The new Covid vaccines target the XBB.1.5 variant, which was dominant when vaccine makers began to formulate and test a new version. They are monovalent because, unlike the earlier boosters, they do not include protection against the original virus that caused widespread infections three years ago, The New York Times reported.
The US Centers for Disease Control and Prevention (CDC) is expected to follow up with an advisory meeting to discuss who should get the new shots. After a final decision by the CDC’s director, millions of doses will be shipped to pharmacies, clinics, and health systems nationwide within days, the media report said.
“Covid-19 remains a leading cause of death in the US and poses a significant threat to vulnerable populations, particularly as we enter peak respiratory virus season. As the primary circulating strain continues to evolve, updated vaccines will be critical to protecting the population this season,” Moderna CEO Stephane Bancel said in a statement.

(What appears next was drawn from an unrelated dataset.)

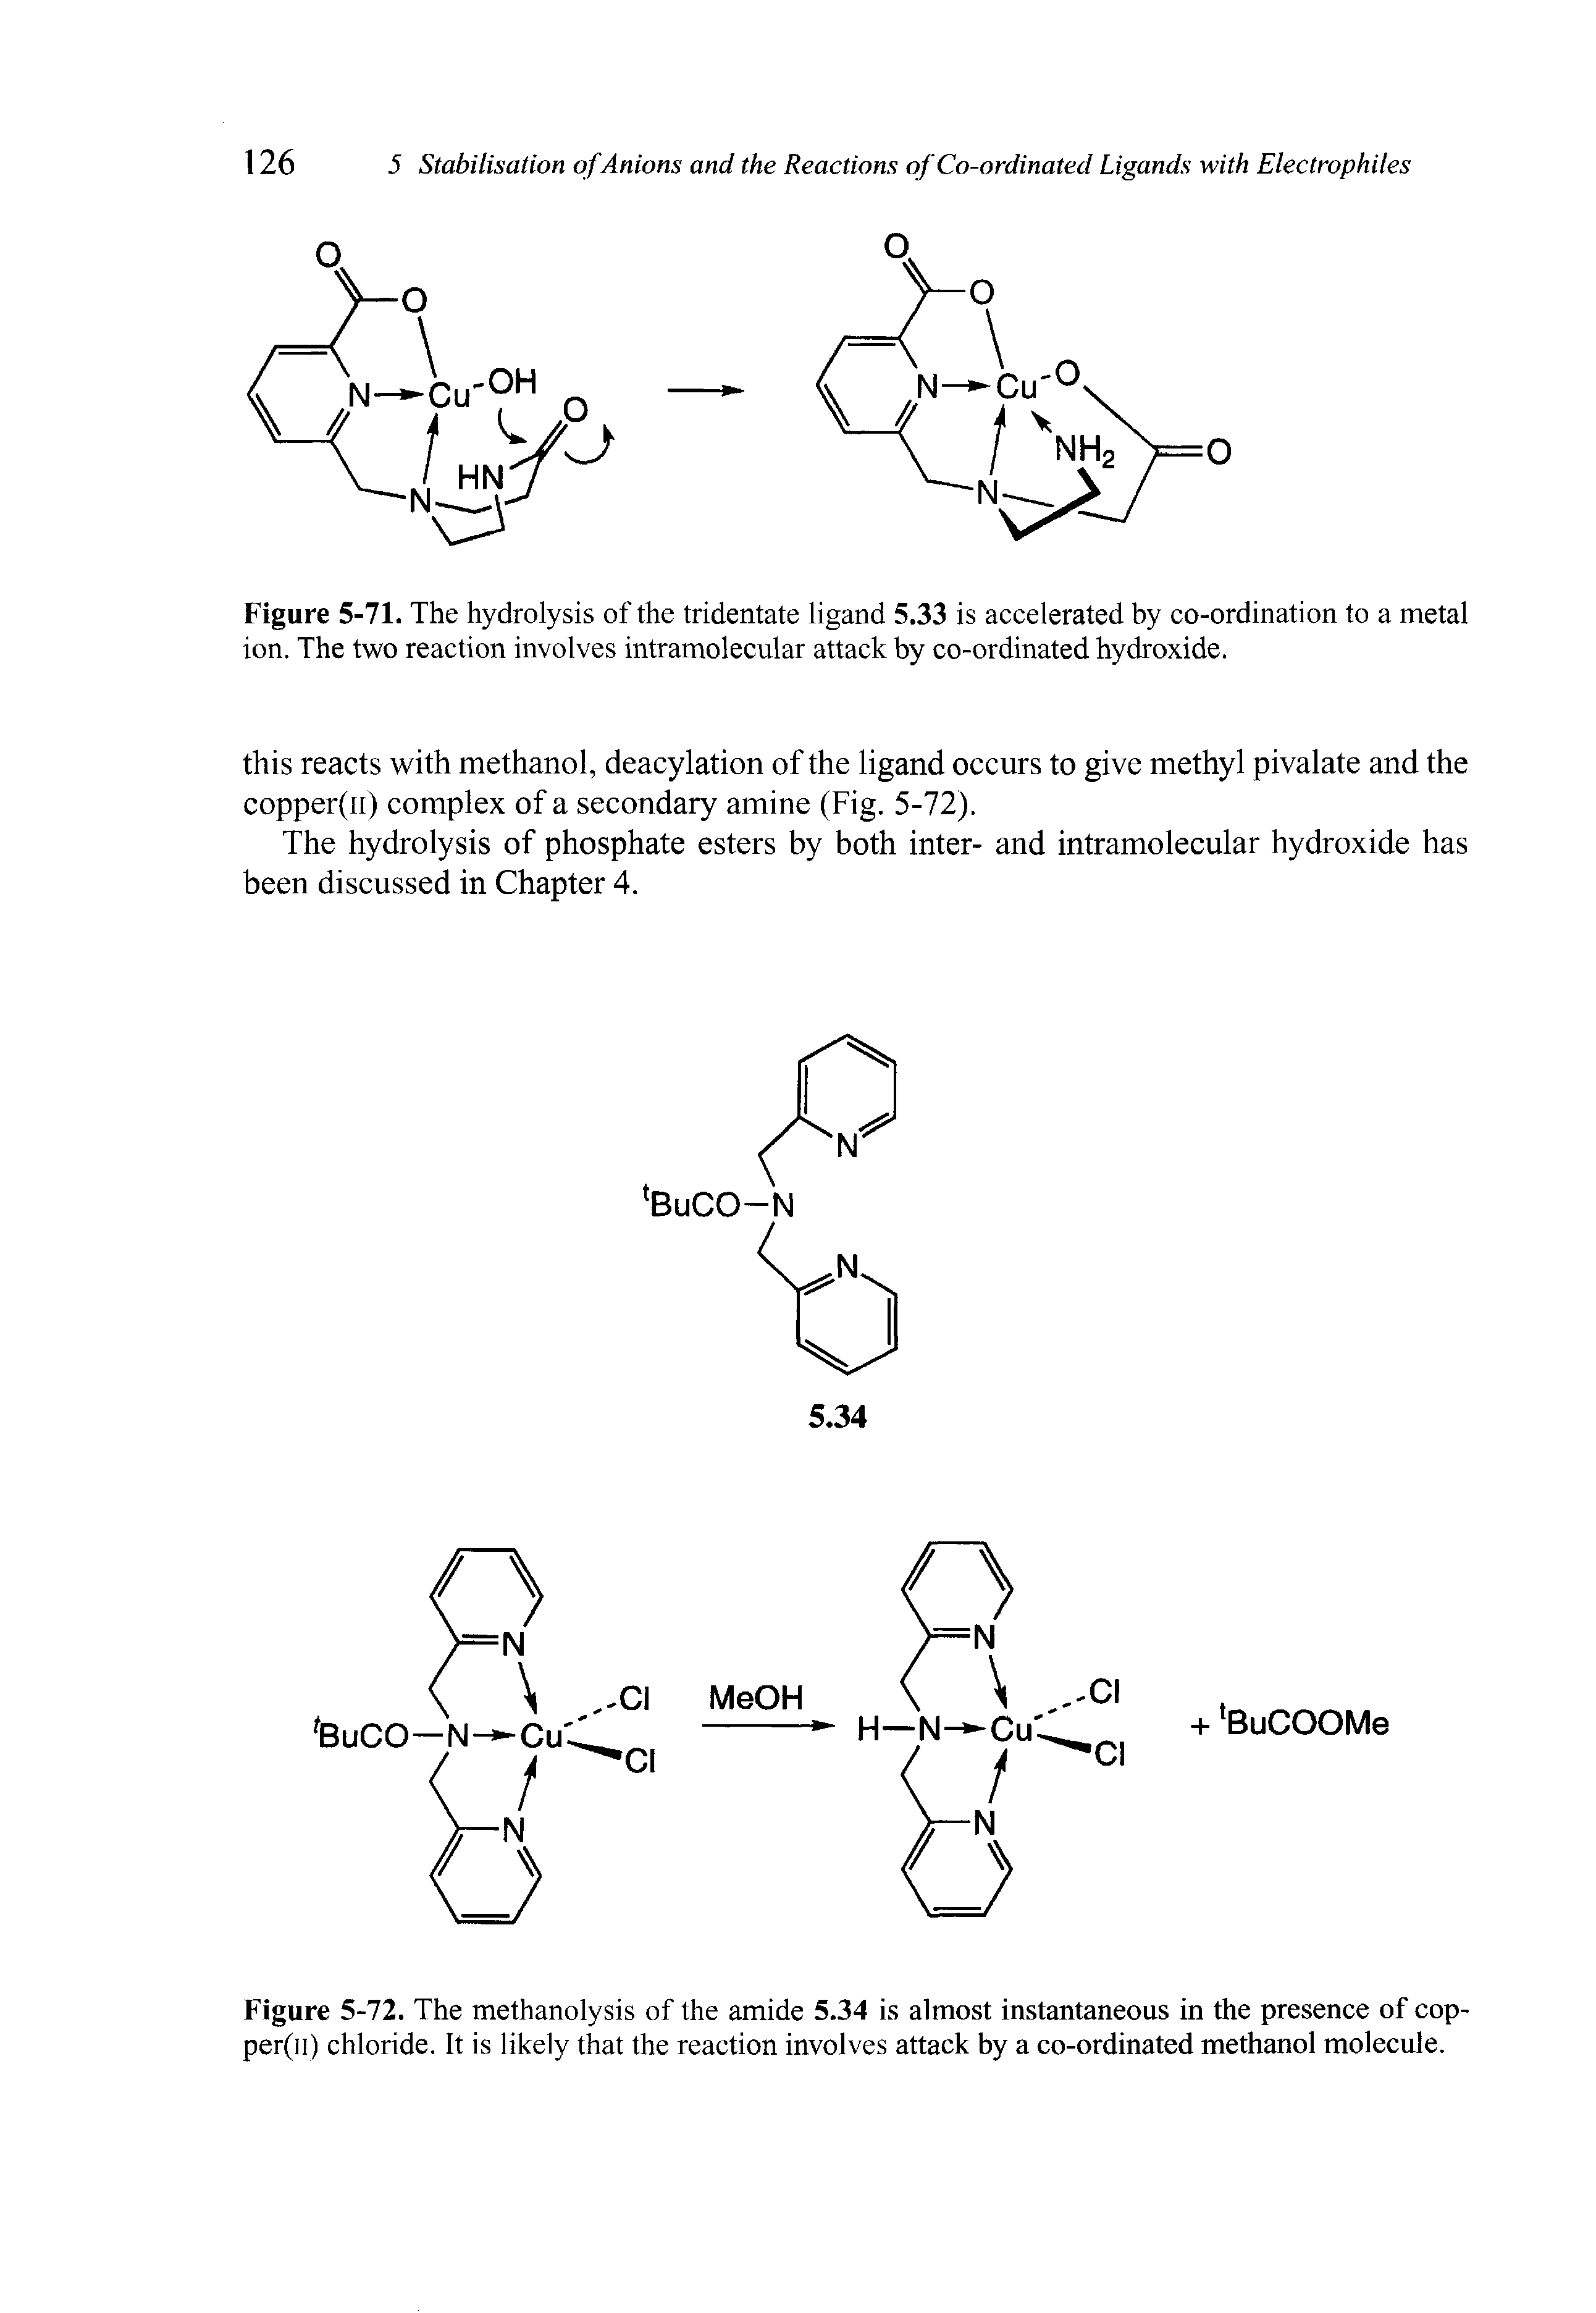 Figure 5-71. The hydrolysis of the tridentate ligand 5.33 is accelerated by co-ordination to a metal ion. The two reaction involves intramolecular attack by co-ordinated hydroxide.

“We appreciate the FDA’s timely review and encourage individuals who intend to get their flu shot to also get their updated Covid-19 vaccine at the same time,” he added.
Moderna said that its updated Covid-19 vaccine contains spike proteins for the XBB.1.5 sublineage of SARS-CoV-2 to help prevent Covid-19 in individuals 6 months of age and older.
“This decision comes at a time when Covid-19 cases are once again climbing. Now, most people 6 months or older in the US are eligible to receive this season’s Covid-19 vaccine, even if they have never been vaccinated against Covid-19 before,” Pfizer CEO Albert Bourla said in a statement.